Нам казалось, что трактаты и эссе Льюиса в высшей степени современны, но степень эта, видимо, не была "высшей". Наверное, она и сейчас не высшая; однако теперь намного легче представить себе, что под каждым из них стоит нынешняя дата. Тогда мода на религиозность была, но не все об этом знали. Попытки выдать свои пристрастия за волю Божью тоже были, но как мало, как скрыто! А вот вседозволенность была и есть, и никакие моды с ней не справляются.

Льюис, просто и твердо веривший в Провидение, был бы рад, что его смогут читать многие и темы его важны для многих. Он был бы рад, если это так; я не знаю, так ли это. Сравнительно долгий, почти двадцатилетний, опыт "самиздатовской" жизни Льюиса подсказывает, что этот писатель разделил судьбу всего, что есть в христианстве, – он очень нужен (и не только христианам), его все время читают, но почти не слышат и не могут толком понять.

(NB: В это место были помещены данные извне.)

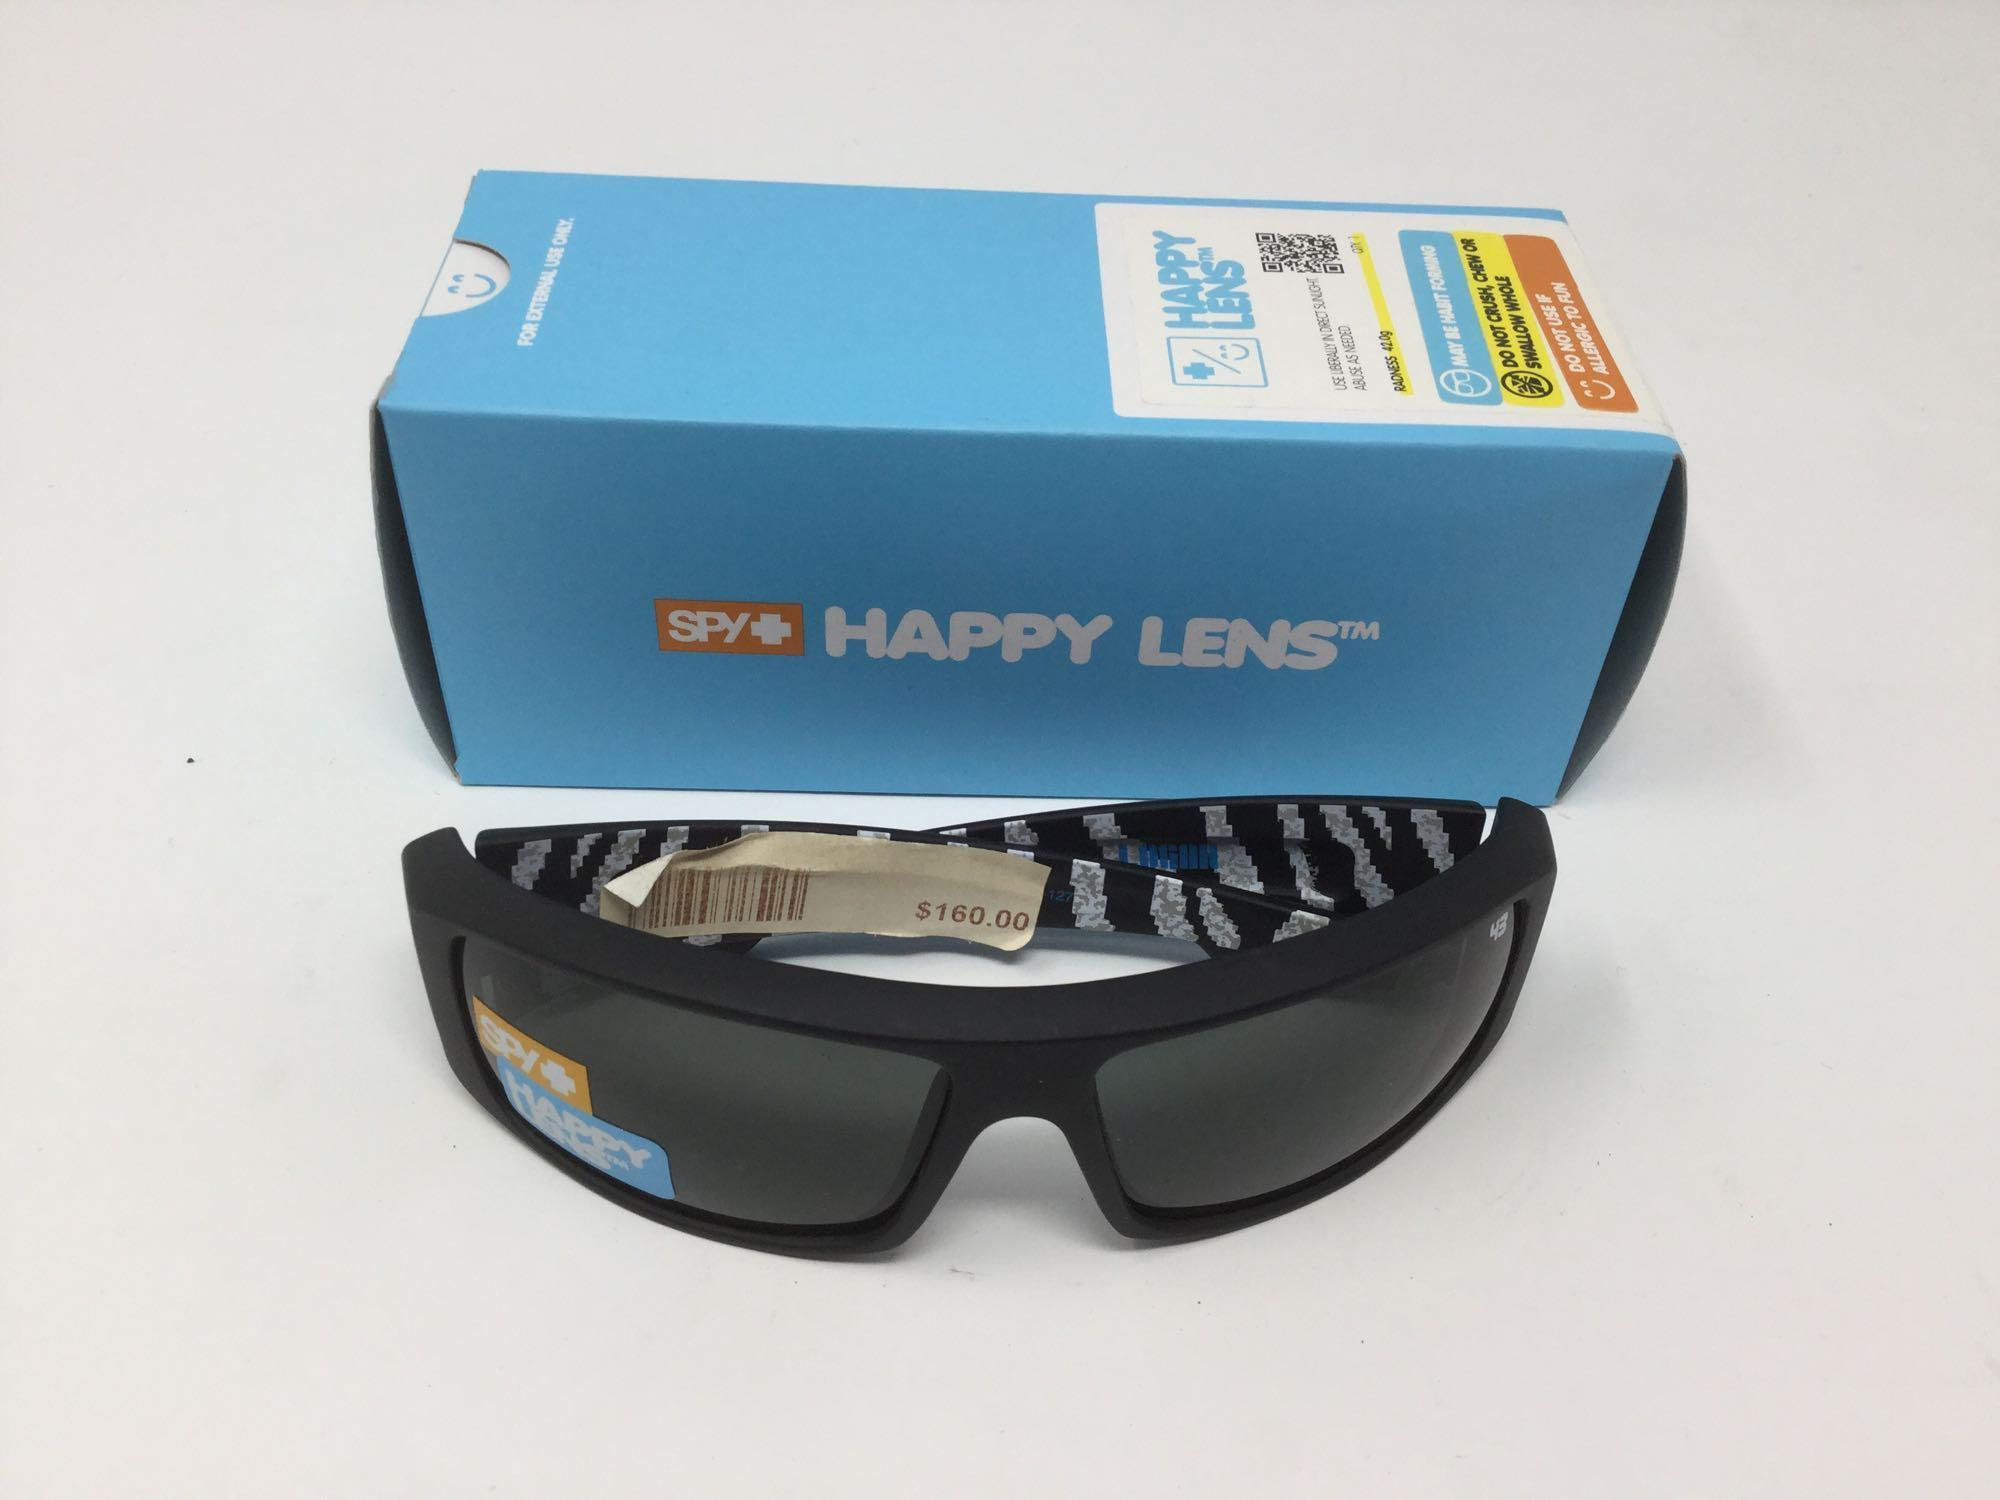 Lot 1 - Spy Happy Lens Sunglasses - Retail $160.00

Если мы вынесем за скобки все беды "самиздатовского" слова – от искажений до вольной или невольной эзотеричности, – останется печальный факт: чаще всего в Льюисе ценят ум. Видимо, темнота наша и униженность дошли до того, что первым возникало ощущение причастности к какой-то очень высокой интеллектуальной жизни. Оксфордские коллеги Льюиса (не друзья, просто коллеги) этому бы удивились. Как всякого христианина, его считали старомодным и простодушным. Надо сказать, его это почти не волновало.

Конечно, умным он был, а вот высокоумным – не был. Обычно подчеркивают его логичность, и сам он подчеркивал ценность логичного размышления. Однако на свете уже немало книг, критикующих Льюиса именно со стороны логики. Ответить на них трудно, сторонники его просто ими возмущаются. Я долго не могла понять, почему не возмущаюсь, хотя очень люблю Льюиса. Наконец, кажется, поняла.

В "Размышлении о псалмах" (1958) Льюис пишет, что Послания апостола Павла никак не удается превратить ни в научный трактат, ни даже в прямое назидание, и, порассуждав об этом, прибавляет, что это хорошо: простое свидетельство христианской жизни само по себе важнее и трактатов, и назиданий.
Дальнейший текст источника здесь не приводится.